Importance sampling of finite path of stochastic difference equation

152 Views Asked by At

Before passing to question, let me briefly recap what's importance sampling of random variables is about. Suppose $\xi$ is a real-valued random variable with density $f$, and let $g:\Bbb R\to \Bbb R$ be some function. The task is to use Monte-Carlo to compute the integral $$ \mathsf E[g(\xi)] = \int_\Bbb R g(x)f(x)\mathrm dx \approx \frac1N\sum_{i=1}^N g(\xi^i) $$ where $\xi^i$ are iid random variable distributed as $\xi$. Since the approximation error may have a big variance, the idea of the importance sampling is to change a density of $\xi$ to some $\hat f$ and use that $$ \int_\Bbb R g(x)f(x)\mathrm dx = \int_\Bbb R g(x)w(x)\hat f(x)\mathrm dx $$ where the weighting function is given by the fraction $w = f/\hat f$. As a result, $$ \mathsf E[g(\xi)] = \mathsf E[g(\hat \xi)w(\hat \xi)] \approx \frac1N\sum_{i=1}^N g(\hat\xi^i)w(\hat\xi^i) $$ where $\hat\xi^i$ are iid with densities $\hat f$. Then one runs the optimization problem to find the best choice of $\hat f$, that is the one which minimizes the variance.

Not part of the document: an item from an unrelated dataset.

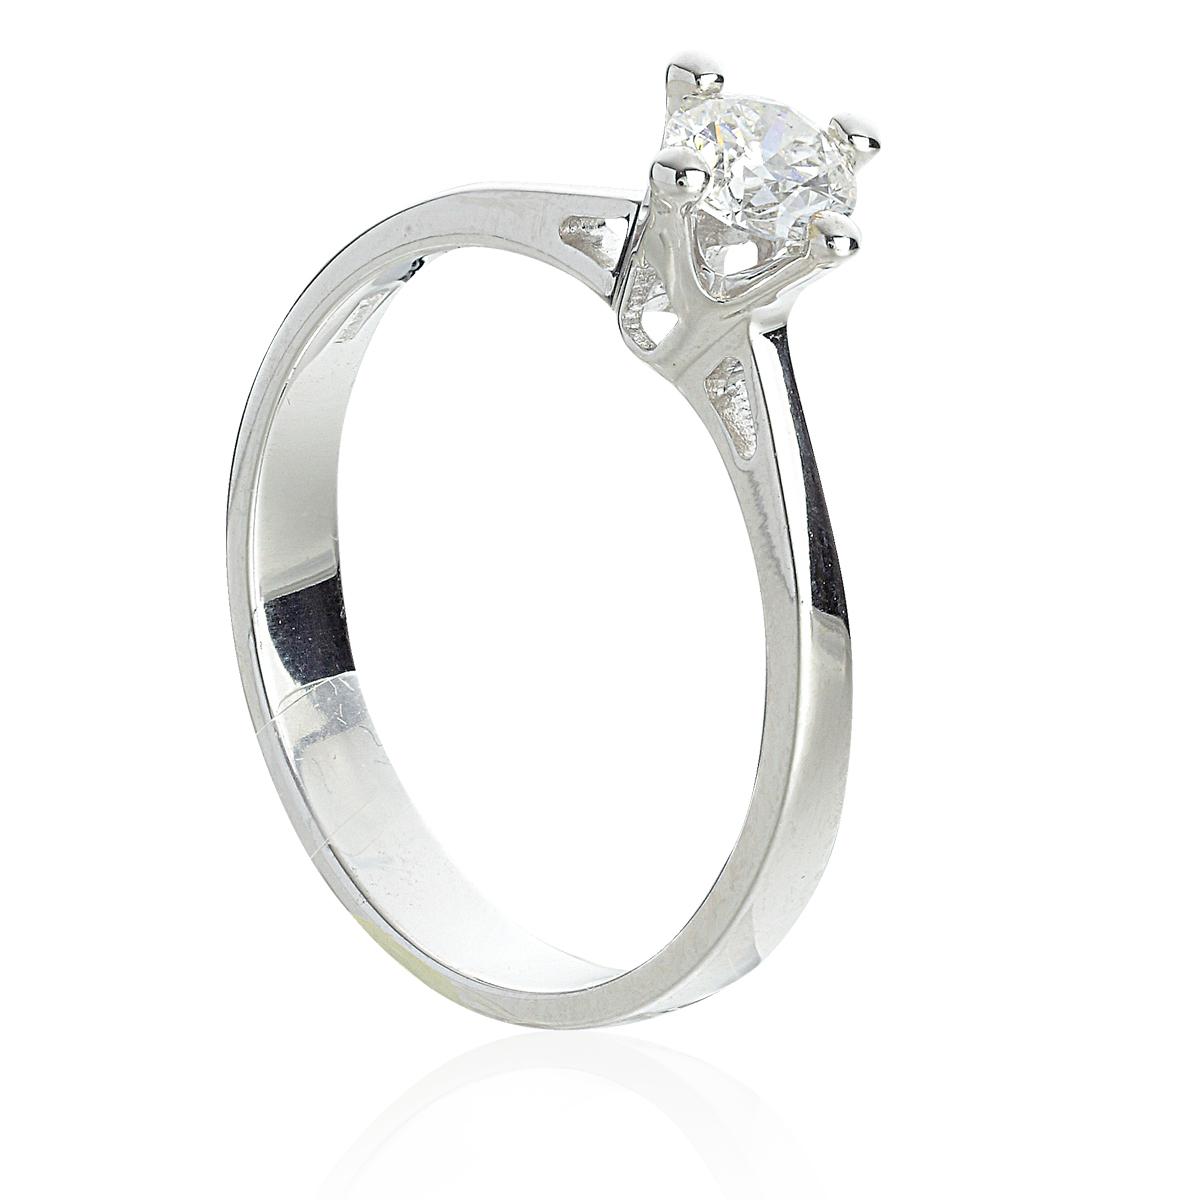 Solitaire Ring with Diamond

In my case I have a similar problem. Let us consider a discrete-time stochastic process $X$ with a state space $E$, given by the stochastic difference equation of the form $$ X_{k+1} = r(X_k,\eta_k), \quad X(0) = x\in E, \tag{1} $$ where $\eta_k$ is a sequence of iid real-valued random variables with some density $h$, and $r$ is a jointly measurable function. Let $\mathsf P$ be the induced probability measure on $E^{n+1}$ and let $A$ be measurable subset of $E^{n+1}$. I am interested in using importance sampling to evaluate $\mathsf P(A)$.

The method of importance sampling described above easily extends to the case of random elements with a range $\Bbb R^m$, when their density is precisely known. In my case $E$ is a subset of $\Bbb R^m$, and I know the function $h$, but it would be almost impossible to get an expression of the density of $X = (X_0,X_1,\dots,X_n)$ since the function $r$ may have an extremely complicated shape. Due to this reason, I restrict myself just to change of $\mathsf P$ which is induced by the change of the distribution of $\eta$: $$ \begin{align} \mathsf P(A) &= \int_{E^{n+1}} 1_A(x_0,\dots,x_n)\mathsf P(\mathrm dx_0\times\dots\times\mathrm dx_n) \\ & = \int_{\Bbb R^n}1_A(R(y_0,\dots,y_n))h(y_0)\dots h(y_{n-1})\mathrm dy_0\times\dots\times \mathrm dy_{n-1} \\ & = \int_{\Bbb R^n}1_A(R(y_0,\dots,y_n))w(y_0,\dots,y_{n-1})\hat h(y_0)\dots \hat h(y_{n-1})\mathrm dy_0\times\dots\times \mathrm dy_{n-1} \\ & = \mathsf E[1_A(\hat X_0,\dots,\hat X_n)w(\hat \eta_0,\dots,\hat \eta_{n-1})] \end{align} $$ where $R$ is a function which for every noise realization $(\eta_0,\dots,\eta_{n-1})$ gives the path of the process $(X_0,\dots,X_n)$ according to $(1)$, and further $\hat h$ is a new density, $\hat \eta_k$ are distributed according to $\hat h$, $$ (\hat X_0,\dots,\hat X_n) \sim R(\hat \eta_0,\dots,\hat\eta_{n-1}) $$ is distributed according to the new distribution of the noise.


My question is the following: in case I need to do importance sampling of $(1)$, I need to perform the change of measure from $\mathsf P$ to some $\hat{\mathsf P}$ in such a way, that I get an explicit shape of the Radon-Nikodym derivative $w = \mathrm d\mathsf P/\mathrm d\hat{\mathsf P}$.

Is the way I described the only one which guarantees the knowledge of explicit shape of $w$? I am pretty sure, there shall be some literature on the importance sampling of stochastic difference equations that deals with such problems, but I didn't find anything particularly appropriate yet.